### Dataset content ###
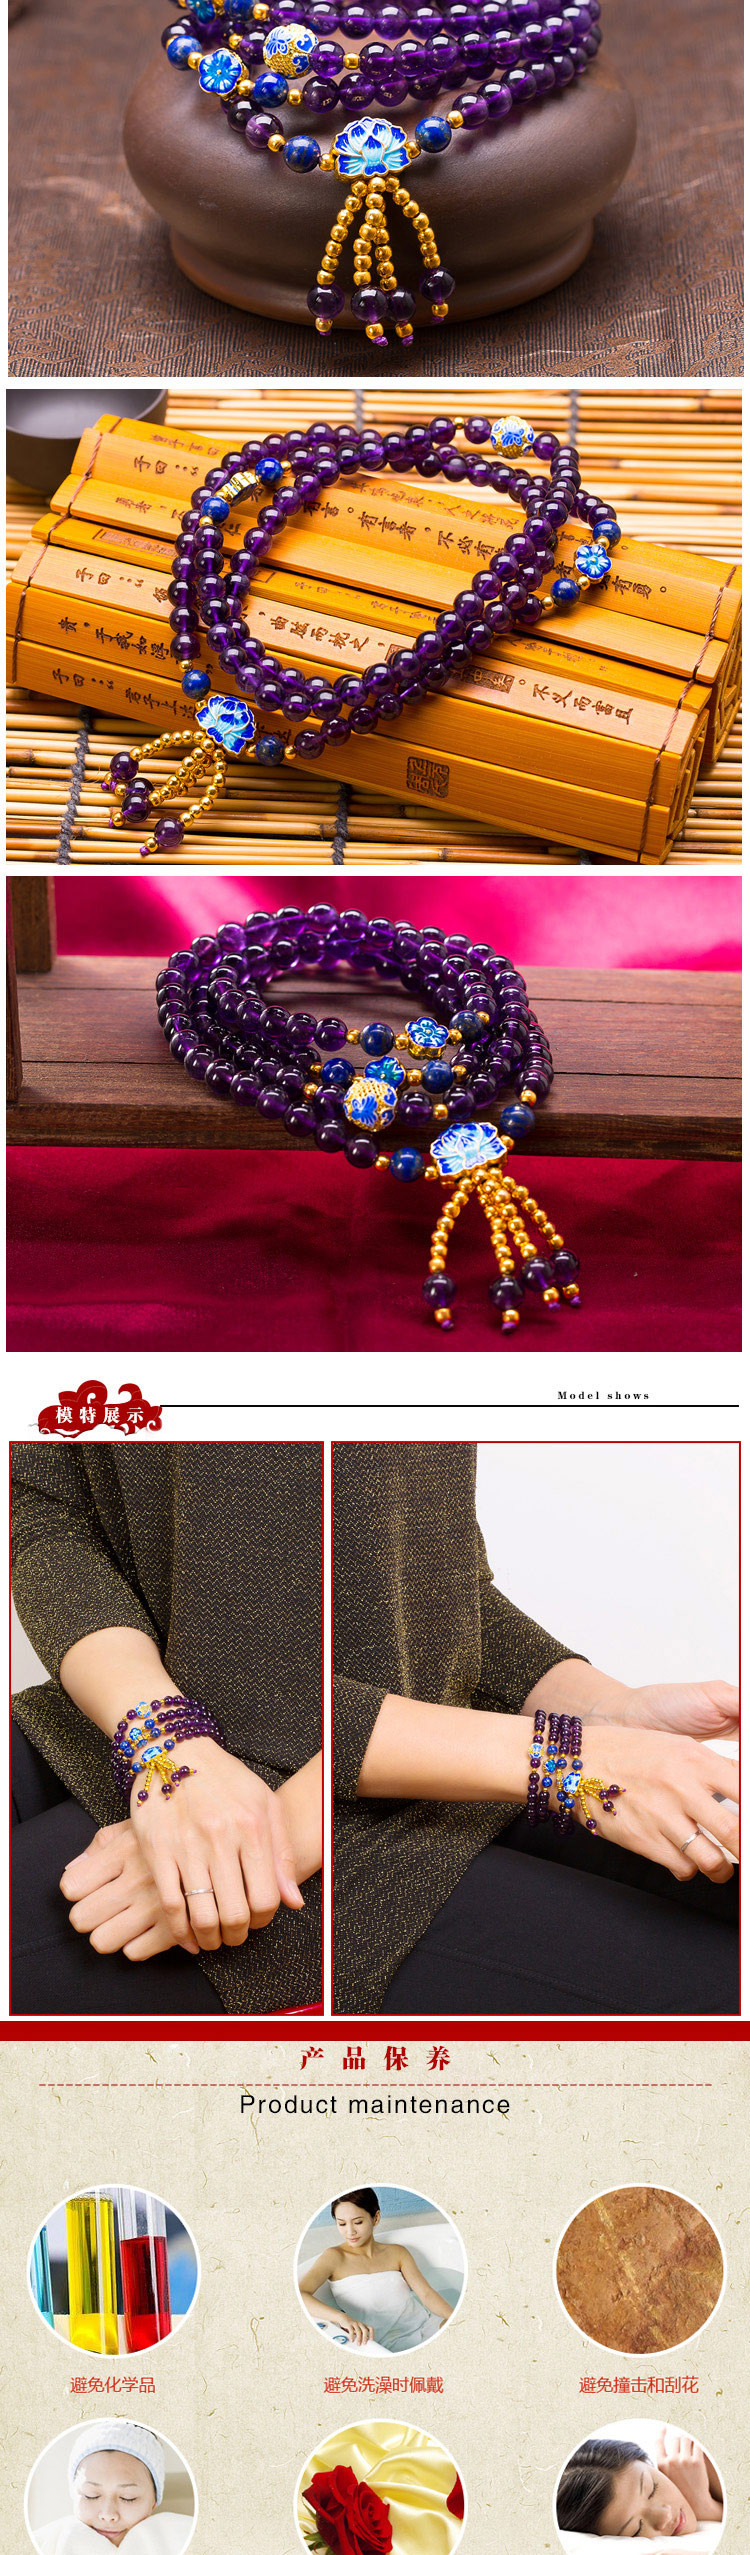 芭法娜 紫梦妖蓝 天然紫水晶6MM多圈时尚手链 附证书
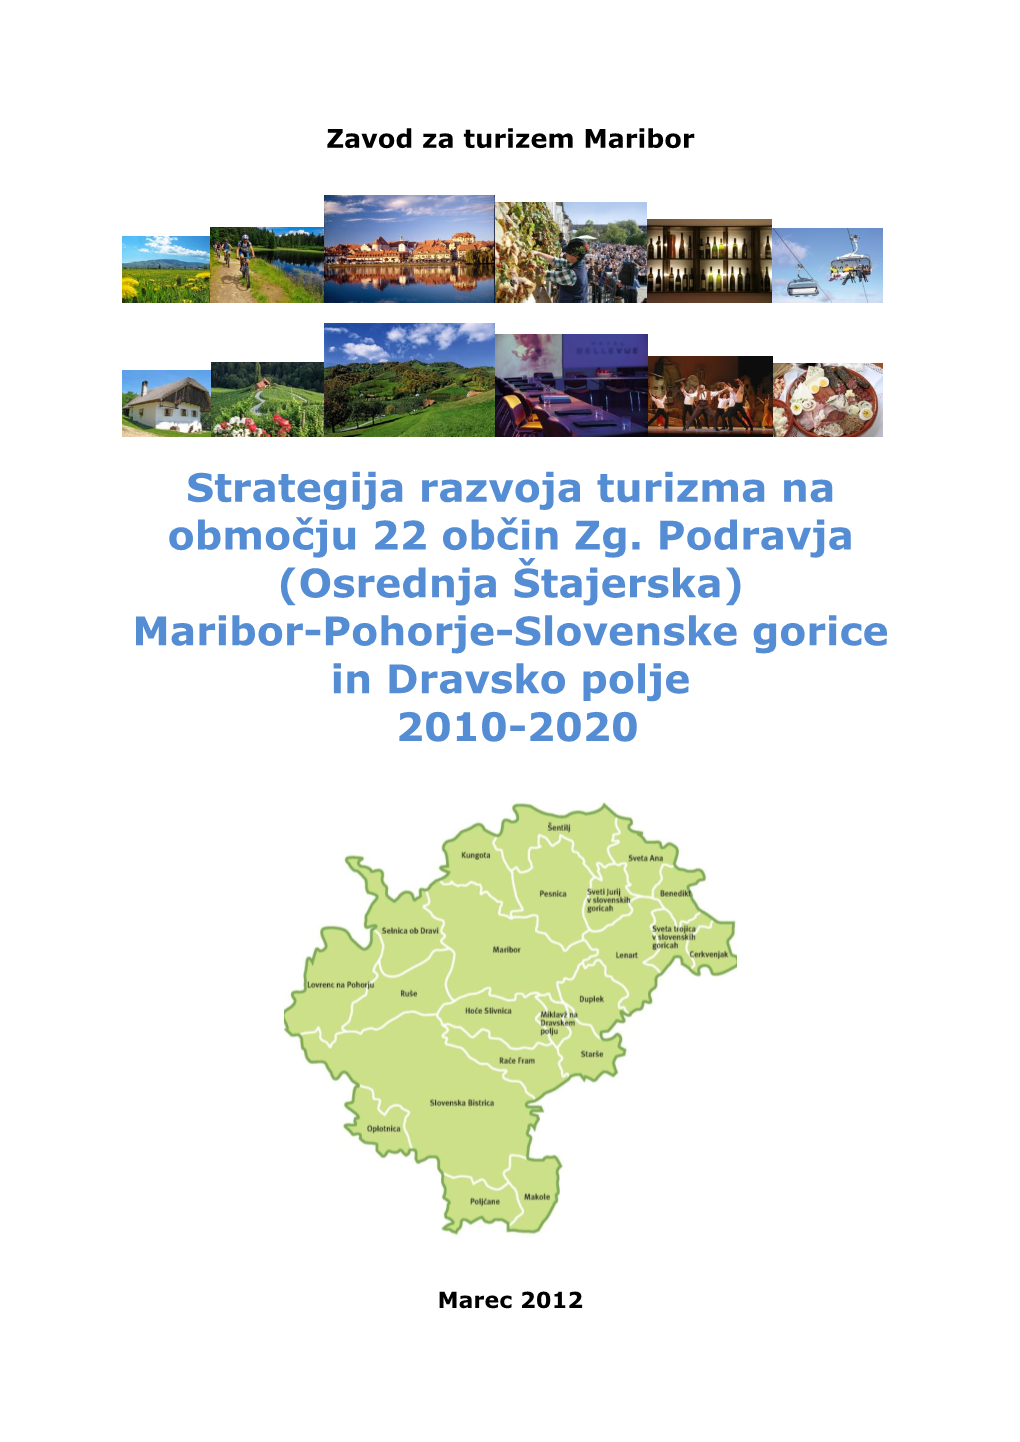 Strategija Razvoja Turizma Na Območju 22 Občin Zg. Podravja (Osrednja Štajerska) Maribor-Pohorje-Slovenske Gorice in Dravsko Polje 2010-2020
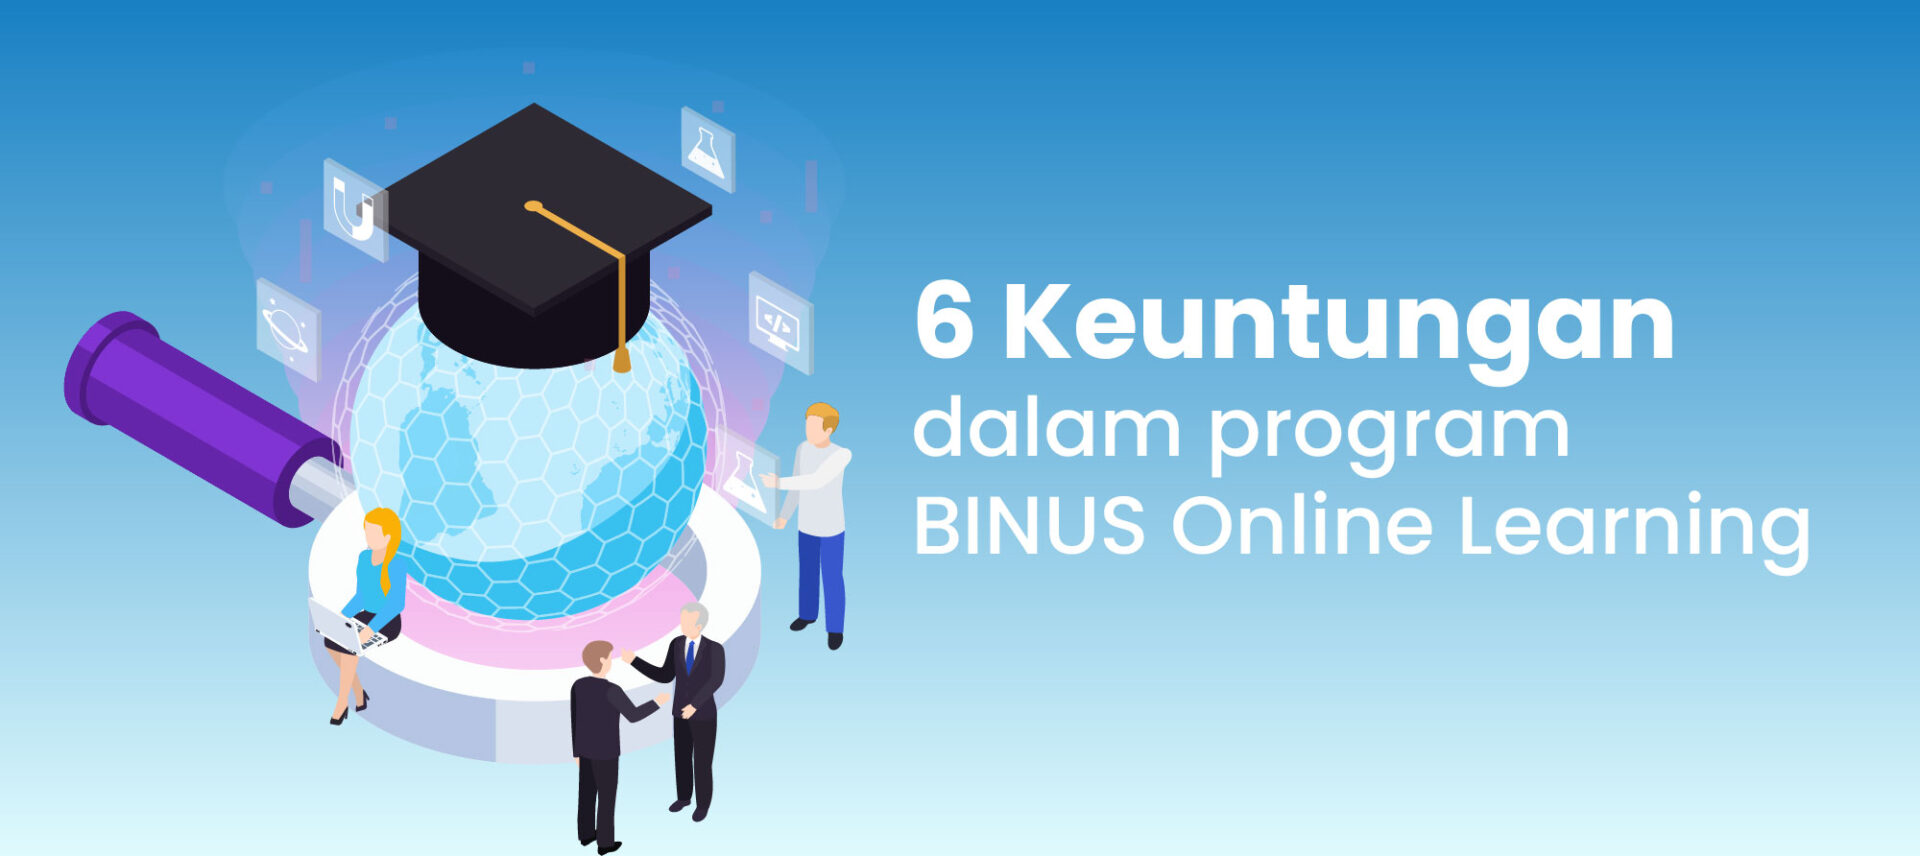 Binus online learning
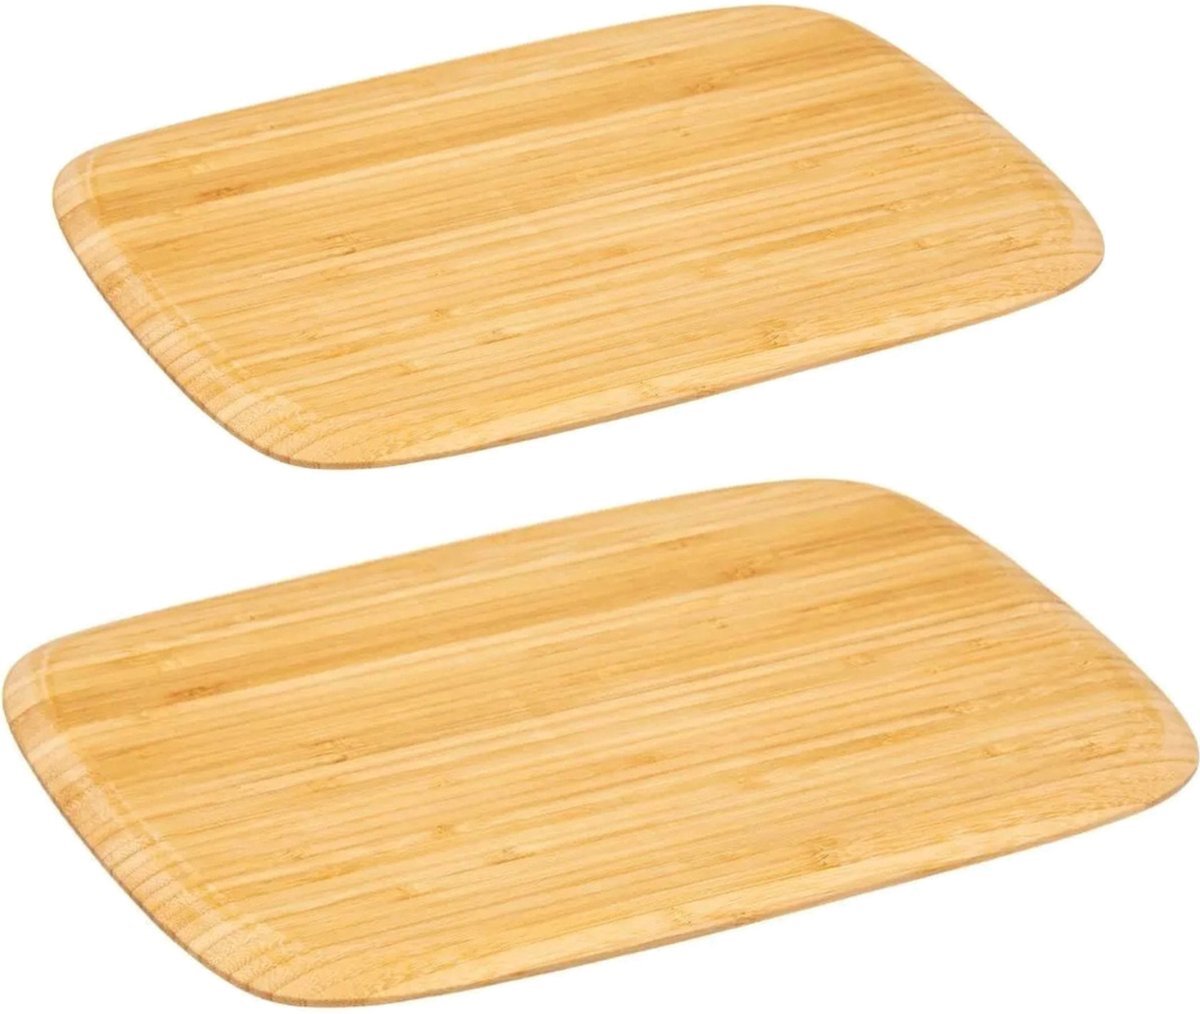 5five Keuken snijplanken set van 2 stuks rechthoek 40 x 30 en 28 x 25 cm van bamboe hout
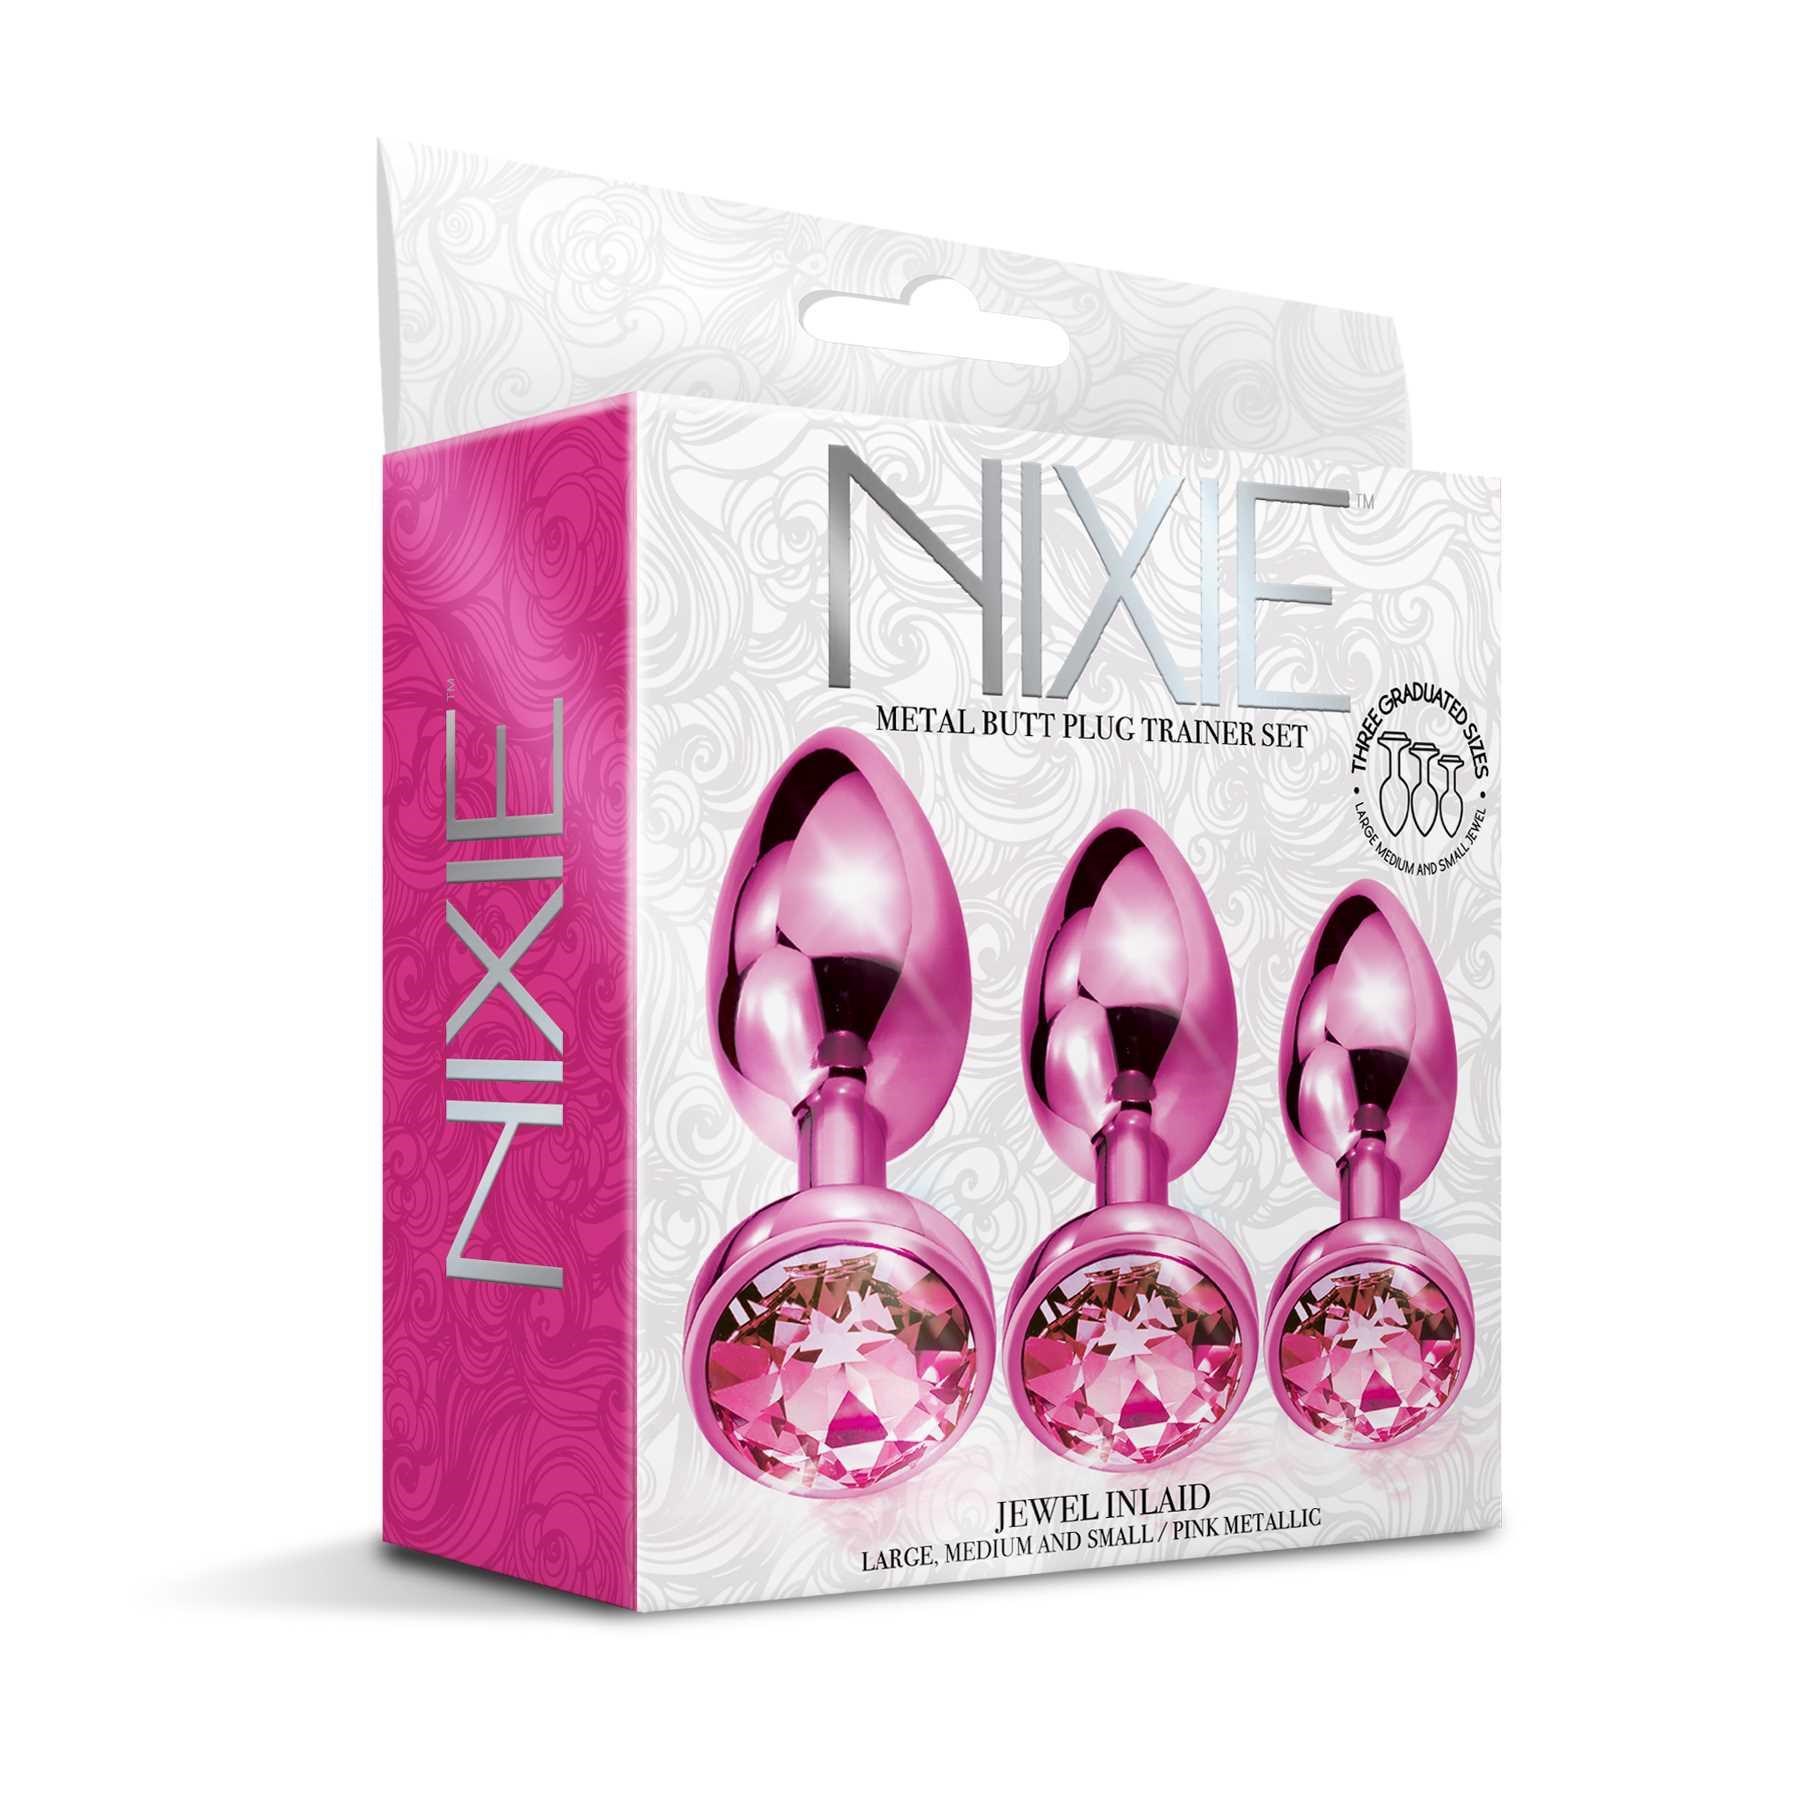 NIXIE Metal Butt Plug Trainer Set Metallic pink box
###
* What is needed
Pictures in the records above are not copied; print everything else exactly.

* Finished task
 芭法娜 紫梦妖蓝 天然紫水晶6MM多圈时尚手链 附证书
 Strategija Razvoja Turizma Na Območju 22 Občin Zg. Podravja (Osrednja Štajerska) Maribor-Pohorje-Slovenske Gorice in Dravsko Polje 2010-2020
 Binus online learning
 5five Keuken snijplanken set van 2 stuks rechthoek 40 x 30 en 28 x 25 cm van bamboe hout
 NIXIE Metal Butt Plug Trainer Set Metallic pink box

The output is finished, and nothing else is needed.